Нарушения ритма и проводимости сердца у детейЗдоровье малыша / Педиатрия / Заболевания сердечно-сосудистой системы / Нарушения ритма и проводимости сердца у детейСтраница 8
Основным методом лечения является постоянная электрокардиостимуляция. Показаниями к имплантации кардиостимулятора являются:
1) приступы Морганьи—Адамса—Стокса, даже не полностью развернутые:
2) нарастающие проявления дисциркуляторной энцефалопатии;
3) прогрессирующая недостаточность кровообращения в результате брадикардии или синдрома брадитахикардии;
4) тромбоэмболические осложнения при синдроме бради-тахикардии;
5) недостаточная эффективность медикаментозной терапии:
6) наличие частых длительных (более 2,5—3 с) периодов асистолии на ЭКГ.
Если после установки кардиостимулятора появляются тахисистолические нарушения ритма, для их подавления на фоне постоянной кардиостимуляции могут быть использованы антиаритмические средства, в частности кордарон, могут назначаться сердечные гликозиды.
ЭКСТРАСИСТОЛИЯ
Экстрасистолами называют преждевременные по отношению к основному ритму возбуждения сердца или какого-либо его отдела в результате повторного входа импульса (re-entry) или повышения осцилляторной активности клеточных мембран. Экстрасистолия является одним из наиболее частых нарушений сердечною ритма у детей. Хотя точных сведений о частоте их появления не существует, но следует отметить, что редкие («функциональные») предсердные экстрасистолы при мониторном наблюдении выявляются примерно у половины детей со здоровым сердцем.

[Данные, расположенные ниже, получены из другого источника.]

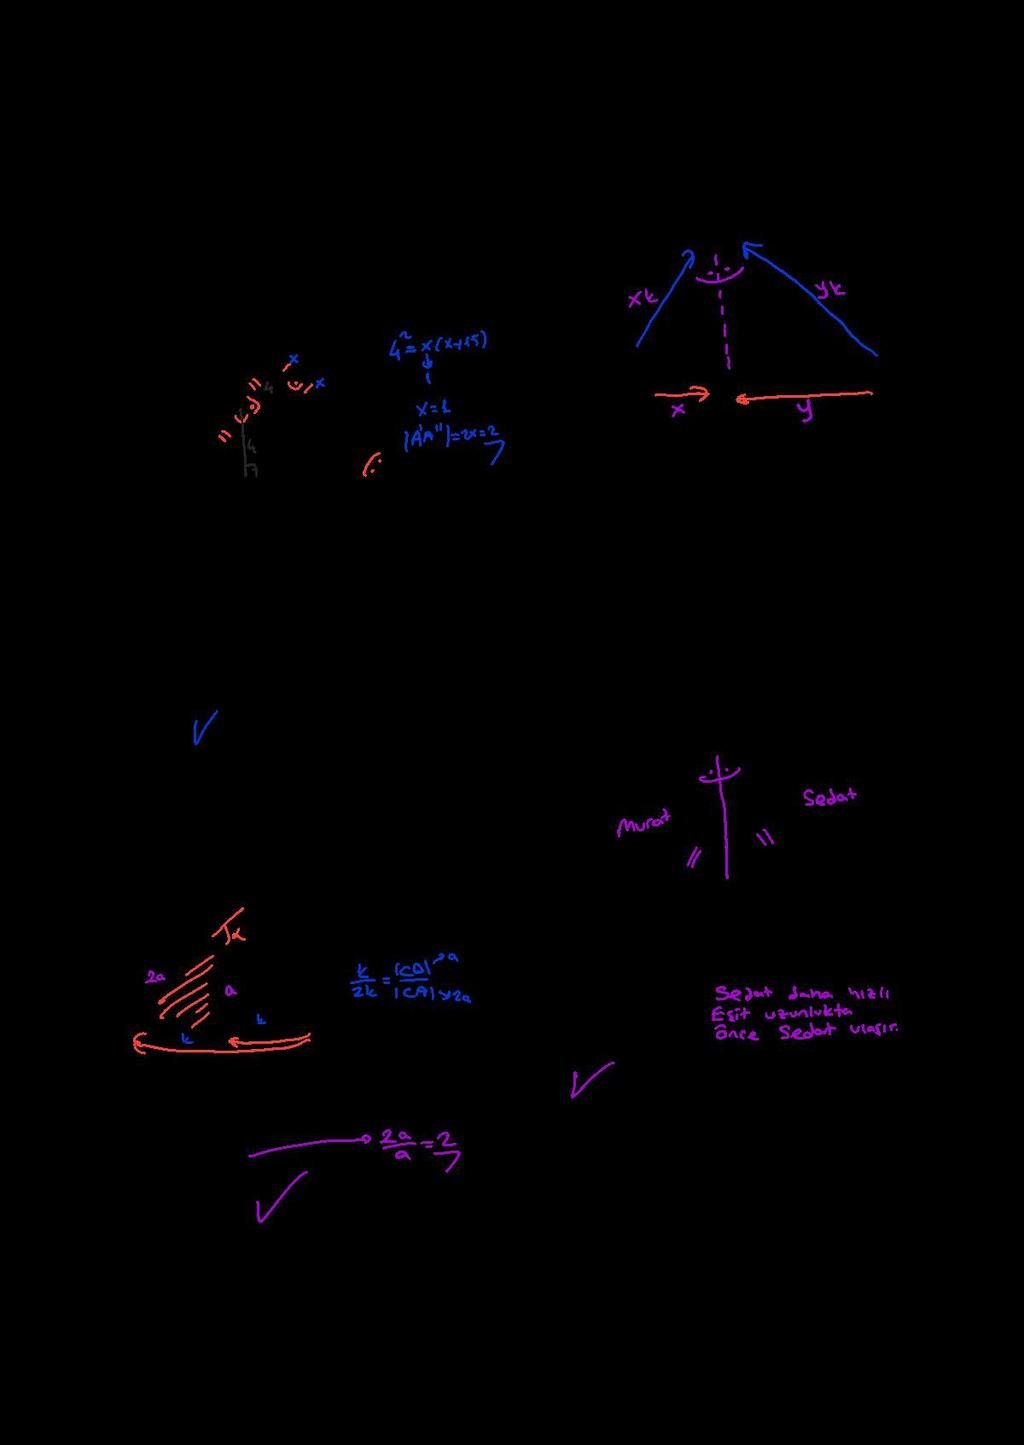 ÇOT 6. ı 4 8. şağıda 1. havaalanı ile doğrusal konumda olan,. havaalanı ile üçgen oluşturan ve noktaları gösterilmiştir. Şekilde gösterilen çizgiler, ve havaalanları arasındaki yollardır.

КЛАССИФИКАЦИЯ. 1. Локализация: по месту возникновения преждевременного возбуждения экстрасистолы разделяются на наджелудочковые (суправентрикулярные) и желудочковые. При этом наджелудочковые экстрасистолы разделяются на синусовые, предсердные и экстрасистолы из атриовентрикулярного соединения (АВ экстрасистолы).
2. По времени возникновения в сердечном цикле (в диастоле) экстрасистолы могут быть ранними, средними (обычными) и поздними (конечно-диастолические, замещающие).
3. Частота: редкие (менее 5 в 1 мин), средние по частоте — от 6 до 15 в 1 мин, частые — более 15 в 1 мин.
4. Плотность: одиночные и парные (спаренные).
5. Периодичность: спорадические или регулярные; аллоритмия, или регулярность в появлении экстрасистолы (бигеминия — экстрасистола следует после каждого основного комплекса; тригеминия — экстрасистола после каждых двух основных комплексов; квадригеминия — экстрасистола после каждых трех нормальных комплексов и т.д.).
6. Скрытый характер экстрасистолии (скрытые экстрасистолы).
7. Проведение экстрасистол: блокада проведения в антеро- и/или в ретроградном направлении; «щель» в проведении (gap), сверхнормальное проведение экстрасистол.
НАДЖЕЛУДОЧКОВЫЕ (СУПРАВЕНТРИКУЛЯРНЫЕ) ЭКСТРАСИСТОЛЫ. Наджелулочковые экстрасистолы разделяются на синусовые, предсердные и экстрасистолы из атриовентрикулярного соединения (АВ-экстрасистолы).
ЭТИОЛОГИЯ. Причины возникновения суправентрикулярных экстрасистол многообразны. Суправентрикулярные экстрасистолы могут быть функциональными и органическими, хотя такое деление во многих случаях условно. Функциональными экстрасистолы следует считать тогда, когда они возникают у детей со здоровым сердцем в результате «внешних» воздействий или причин некардиального происхождения. Это могут быть, прежде всего, нейрогенные экстрасистолы, имеющие гиперадренергическое и вагусное происхождение. Экстрасистолы могут появляться или учащаться при психоэмоциональном напряжении, у больных с вегетативно-сосудистой дисфункцией, неврозами и связаны с усилением адренергических воздействий.
К категории функциональных относят предсердные экстрасистолы у здоровых детей и юношей высокого роста. У части из них имеются деформации грудной клетки («прямая спина», «воронкообразная грудь», «куриная грудь»), синдром Марфана или «марфаноподобные» черты, срединнорасположенное («капельное», «висячее») сердце. Эти особенности развития нередко сочетаются с проявлениями вегетативно-сосудистой дисфункции, которая, вероятно, и служит непосредственной причиной аритмии. Разумеется, во всех таких случаях требуется тщательный «поиск» ПМК. Однако находка небольшого «пролапса» (I степень) не служит основанием для автоматического «перевода» экстрасистолии (наджелудочковой аритмии) из класса функционального в класс органический, поскольку и ПМК присущ нейровегетативный дисбаланс с преобладанием симпатикотонических реакций.